Aim of the task — Only lines containing "Spray" belong in the answer, each copied from the entries below.

[Stored data entries]

_ _ _

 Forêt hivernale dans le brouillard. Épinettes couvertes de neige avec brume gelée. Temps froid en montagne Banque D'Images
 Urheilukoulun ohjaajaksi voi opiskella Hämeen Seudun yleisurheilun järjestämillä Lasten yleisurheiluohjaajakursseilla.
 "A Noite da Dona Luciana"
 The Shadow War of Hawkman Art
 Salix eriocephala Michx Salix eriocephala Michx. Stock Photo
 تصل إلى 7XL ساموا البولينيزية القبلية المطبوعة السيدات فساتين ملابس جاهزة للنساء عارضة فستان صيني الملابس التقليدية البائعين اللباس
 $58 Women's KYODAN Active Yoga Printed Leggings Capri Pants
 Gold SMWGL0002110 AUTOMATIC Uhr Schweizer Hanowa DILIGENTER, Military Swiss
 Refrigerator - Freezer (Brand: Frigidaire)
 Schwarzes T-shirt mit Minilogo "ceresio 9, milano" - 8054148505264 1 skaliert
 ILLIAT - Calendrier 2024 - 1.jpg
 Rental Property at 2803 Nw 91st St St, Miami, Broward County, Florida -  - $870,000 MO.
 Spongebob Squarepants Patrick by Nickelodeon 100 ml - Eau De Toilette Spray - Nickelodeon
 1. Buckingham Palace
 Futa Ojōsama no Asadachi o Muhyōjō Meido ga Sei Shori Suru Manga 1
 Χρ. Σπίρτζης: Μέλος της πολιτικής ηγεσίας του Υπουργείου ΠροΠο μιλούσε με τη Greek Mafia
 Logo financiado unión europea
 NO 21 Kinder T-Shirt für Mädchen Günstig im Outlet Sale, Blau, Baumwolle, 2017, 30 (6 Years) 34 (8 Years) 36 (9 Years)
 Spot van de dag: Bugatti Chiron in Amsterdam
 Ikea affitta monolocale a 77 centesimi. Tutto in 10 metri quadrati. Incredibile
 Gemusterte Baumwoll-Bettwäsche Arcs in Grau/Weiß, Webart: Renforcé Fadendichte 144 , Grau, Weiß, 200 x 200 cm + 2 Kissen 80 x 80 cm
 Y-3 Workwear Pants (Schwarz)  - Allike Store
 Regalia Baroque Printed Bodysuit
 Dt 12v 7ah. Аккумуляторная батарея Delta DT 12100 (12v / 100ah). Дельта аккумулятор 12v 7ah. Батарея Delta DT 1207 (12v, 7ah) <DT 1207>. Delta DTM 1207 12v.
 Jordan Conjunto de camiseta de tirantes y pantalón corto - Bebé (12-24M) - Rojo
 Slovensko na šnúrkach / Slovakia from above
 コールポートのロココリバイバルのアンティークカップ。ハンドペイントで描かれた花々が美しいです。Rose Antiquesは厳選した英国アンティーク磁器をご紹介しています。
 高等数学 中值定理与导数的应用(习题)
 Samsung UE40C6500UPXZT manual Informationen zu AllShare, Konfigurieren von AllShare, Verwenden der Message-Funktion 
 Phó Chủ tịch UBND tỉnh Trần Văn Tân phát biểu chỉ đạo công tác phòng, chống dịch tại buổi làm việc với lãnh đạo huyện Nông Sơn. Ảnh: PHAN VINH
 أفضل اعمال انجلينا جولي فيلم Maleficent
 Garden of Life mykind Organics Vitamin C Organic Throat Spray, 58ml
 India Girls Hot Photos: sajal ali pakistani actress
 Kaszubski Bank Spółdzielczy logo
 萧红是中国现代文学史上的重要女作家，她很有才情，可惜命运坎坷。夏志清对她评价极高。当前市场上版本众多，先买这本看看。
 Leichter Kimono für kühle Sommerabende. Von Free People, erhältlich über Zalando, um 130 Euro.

_ _ _

Solution for this exercise —
 Spongebob Squarepants Patrick by Nickelodeon 100 ml - Eau De Toilette Spray - Nickelodeon
 Garden of Life mykind Organics Vitamin C Organic Throat Spray, 58ml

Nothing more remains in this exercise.